Second, the rooted subgraph mining is more effective when applying the Weisfeiler-Lehman relabeling method. However, these subgraphs are only local. This is the main reason the topological attributes vector is proposed. It helps the neural network to train graph embedding to learn more global information, but it only solves a part of the problem that cannot be solved yet thoroughly.

Finally, the neural network used to train graph embedding, the training results are effective. As we can see in Fig. 2, graphs with similar substructures will be closer to each other, and graphs with different substructures will be far away from each other. Therefore, with these graph embedding results, the classification results on the embedding vectors of the graphs will give satisfactory results (see Table 3). The results of the evaluation of the measures on experimental datasets have confirmed this with some datasets having an accuracy of over 80% and better than the other graph classification methods. Moreover, with the results of graph embedding, in addition to being used for graph classification, we can also use it for many other tasks at the graph level such as clustering, community detection.

Fig. 2.
figure 2

The visualization of results after the graph embedding in 2-dimensions of five bioinformatics datasets and two social network datasets.

5 Conclusion

Based on the original idea of doc2vesc in NLP to automatically learn document embedding, we applied it to graph data and proposed a novel graph classification method based on graph structure learning named GC-GSL. GC-GSL helps us to solve the problem of subgraph isomorphism testing as well as easily applied to real-world problems with large datasets and highly scalable without the need for complex implementation as in graph kernels or graph classification based on frequent subgraph mining methods. Experiments on bioinformatics data sets and social networks have both good and effective results.

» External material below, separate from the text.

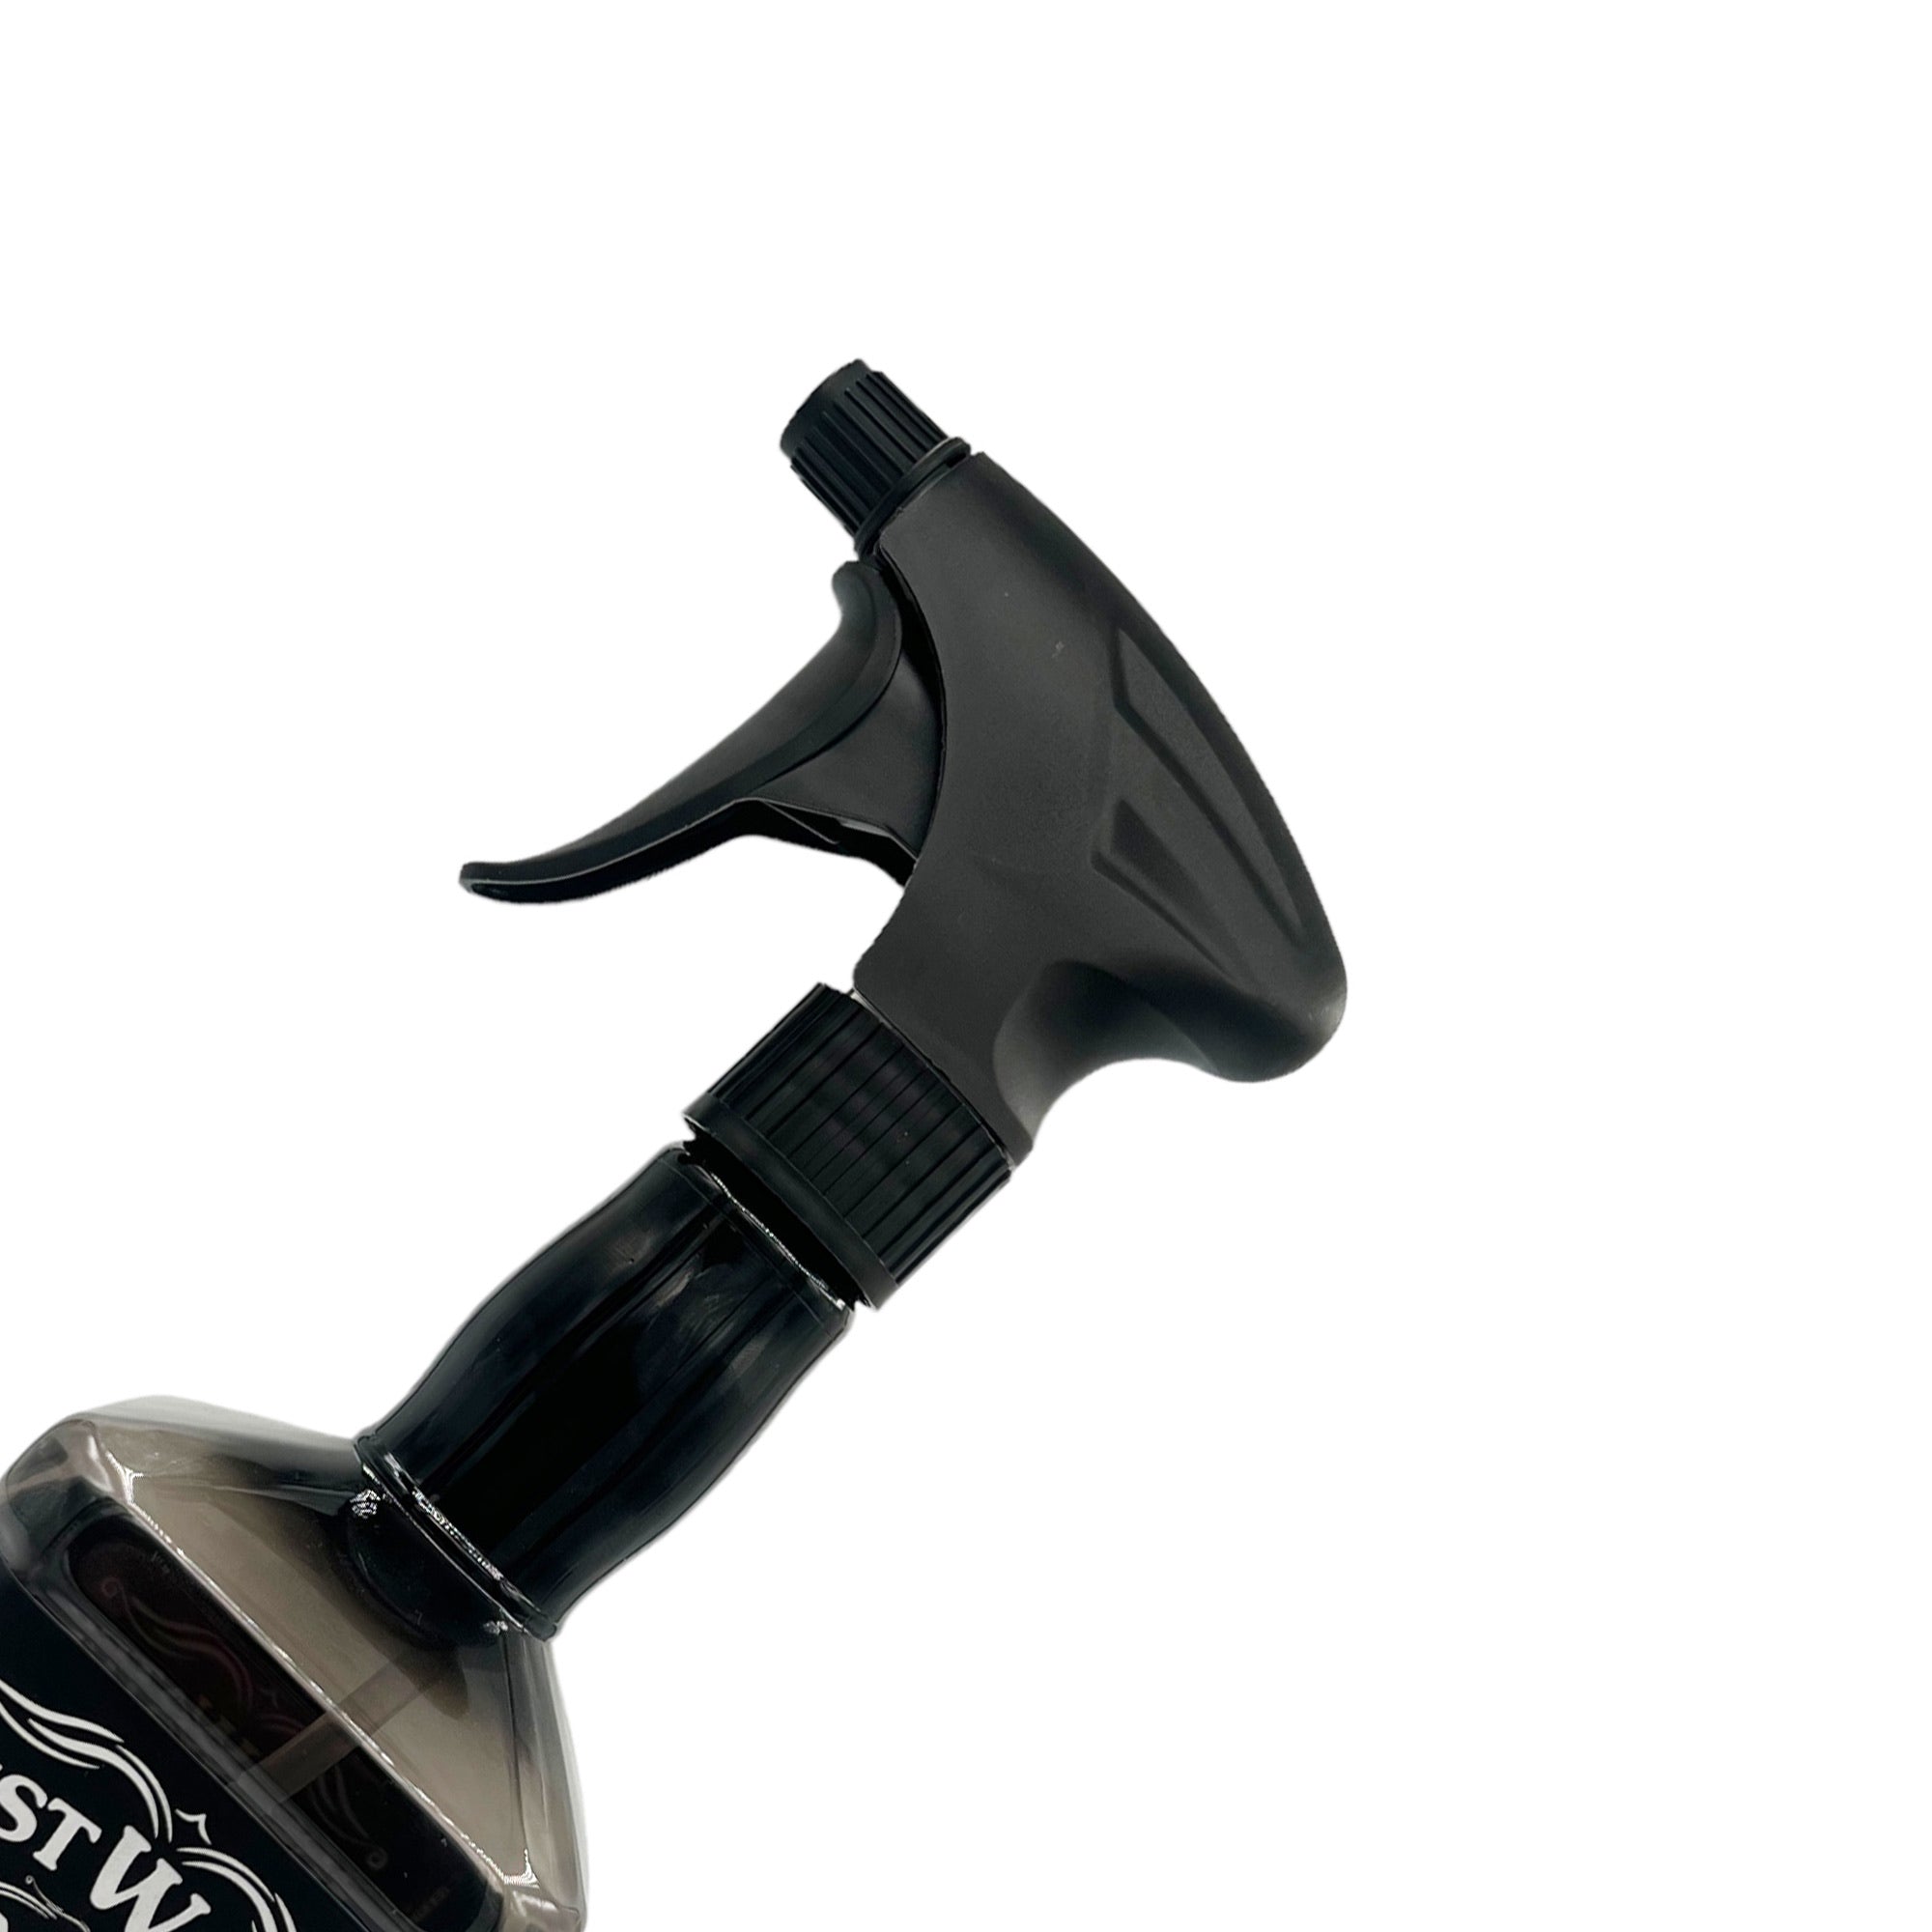 Eson - Water Spray Bottle 600ml Empty Refillable Ultra Fine Mist Sprayer (Black)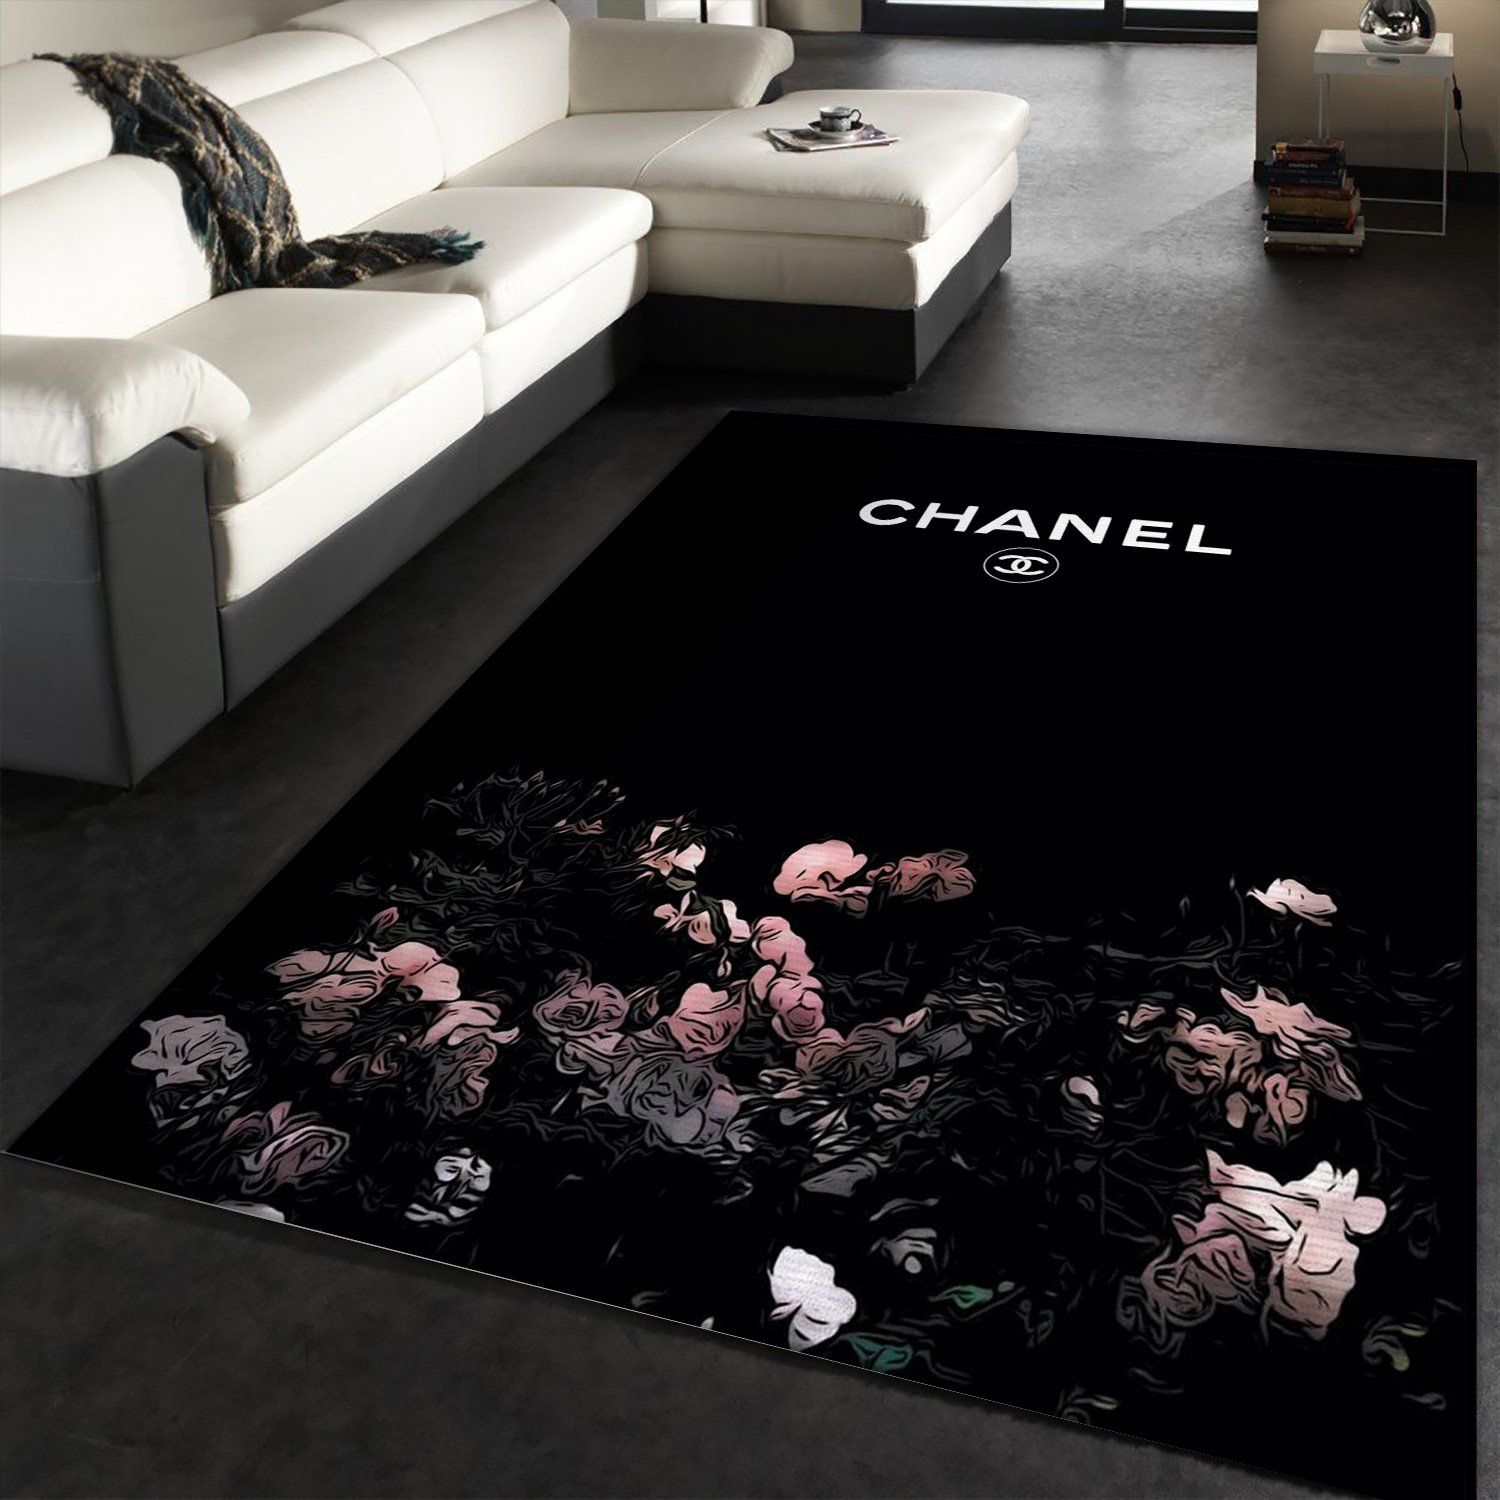 Chanel Area Rugs Living Room Rug Floor Decor Home Decor - Travels

Although the results of GC-GSL are effective, there will still be limitations as mentioned in the discussion such as local subgraph problems, some other information in the graph such as node, edge, etc. is still unexplored. Further improvement in classification results by overcoming the above limitations is one of the probable future development directions. On the other hand, this novel graph classification method also needs further improvements in practical terms such as speed and scalability for larger datasets.